No idea at this point. K-means is actually an unsupervised
classification algorithm and I am certain that it does not remove any of
the offered points for training purposes. The
ClusterClassificationDriver that is invoked to classify the offered
points does accept a clusterClassificationThreshold; however, and that
can be used for outlier removal. If, for some reason, the distances to
the final clusters were less than this threshold (default == 0) then
points would be removed. But I don't see how this could occur and you
are the only user to report such behavior.
Given that you have a pretty small dataset, you might try running the
k-means step in sequential mode. This would allow you to verify the
results while running in memory and also allow you to use a debugger to
investigate further. By setting a breakpoint in
ClusterClassificationDriver.shouldClassify() (you'd need to edit it a
bit first) you could determine if this was removing any of your input
points.
On 8/27/12 10:26 PM, Phoenix Bai wrote:
Hi Jeff,
first of all, thank you for your response.
But unfortunately, I don`t think that is the cause. as I checked, there is
only one file part-m-00000 under directory clusteredPoints.
$ hadoop fs -ls /bmz/mahout/output/videotags-kmeans-clusters/clusteredPoints
Found 1 items
-rw-r----- 3 bmz dev 24608 2012-08-27 10:27
/bmz/mahout/output/videotags-kmeans-clusters/clusteredPoints/part-m-00000
so, what else could it be?
btw, since kmeans belongs to supervised learning, is it possible that it
take out some data to construct a training dataset?
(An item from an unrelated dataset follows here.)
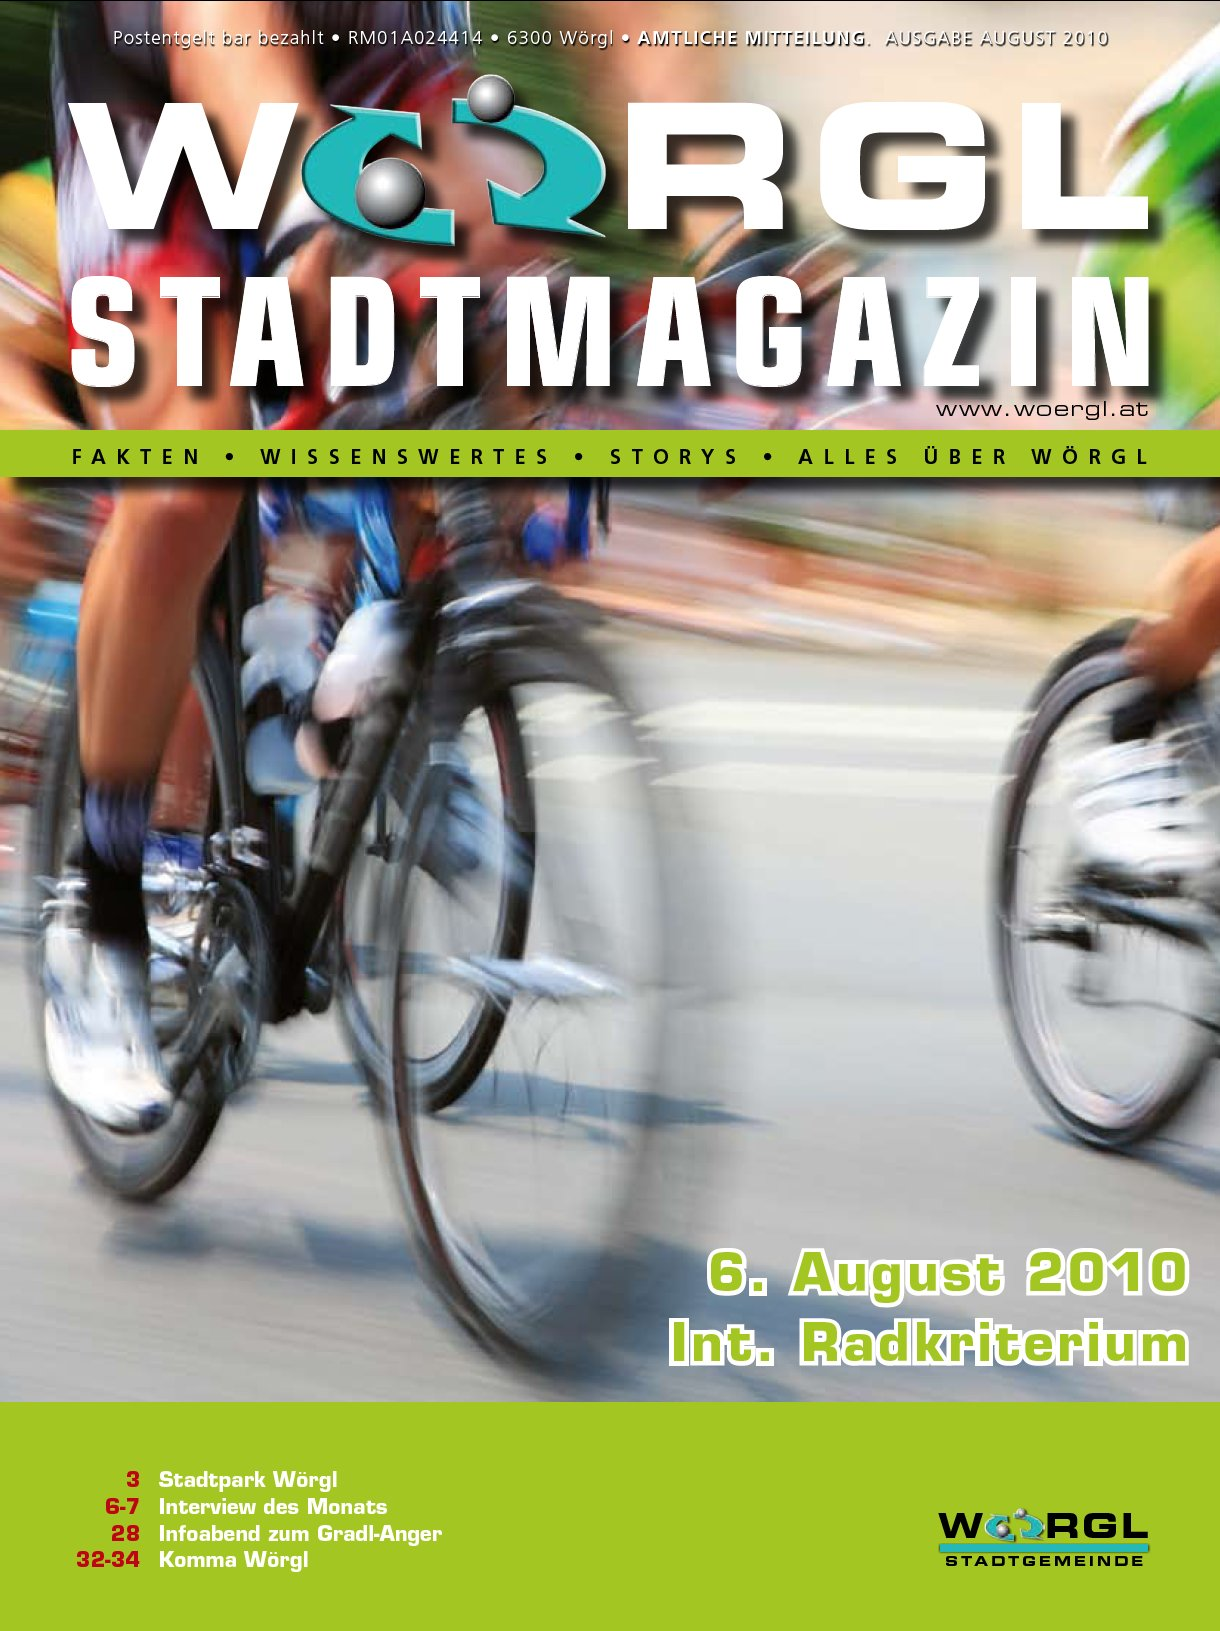 Wörgler Stadtmagazin August 2010

just a guess and it seems unreasonable to do that.
Thanks
On Tue, Aug 28, 2012 at 12:39 AM, Jeff Eastman
<[email protected]>wrote:
Offhand, I wonder why you are specifying only a single part-m-00000 file
in your clusterdump step? If there are more than one part file (a usual
case) then you might be missing some of the clustered points. If so, then
using the directory instead might help:
--pointsDir
/group/tbdev/zhimo.bmz/mahout/**output/videotags-kmeans-**clusters/clusteredPoints
\
On 8/27/12 2:49 AM, Phoenix Bai wrote:
--pointsDir
/group/tbdev/zhimo.bmz/mahout/**output/videotags-kmeans-**
clusters/clusteredPoints/part-**m-00000
\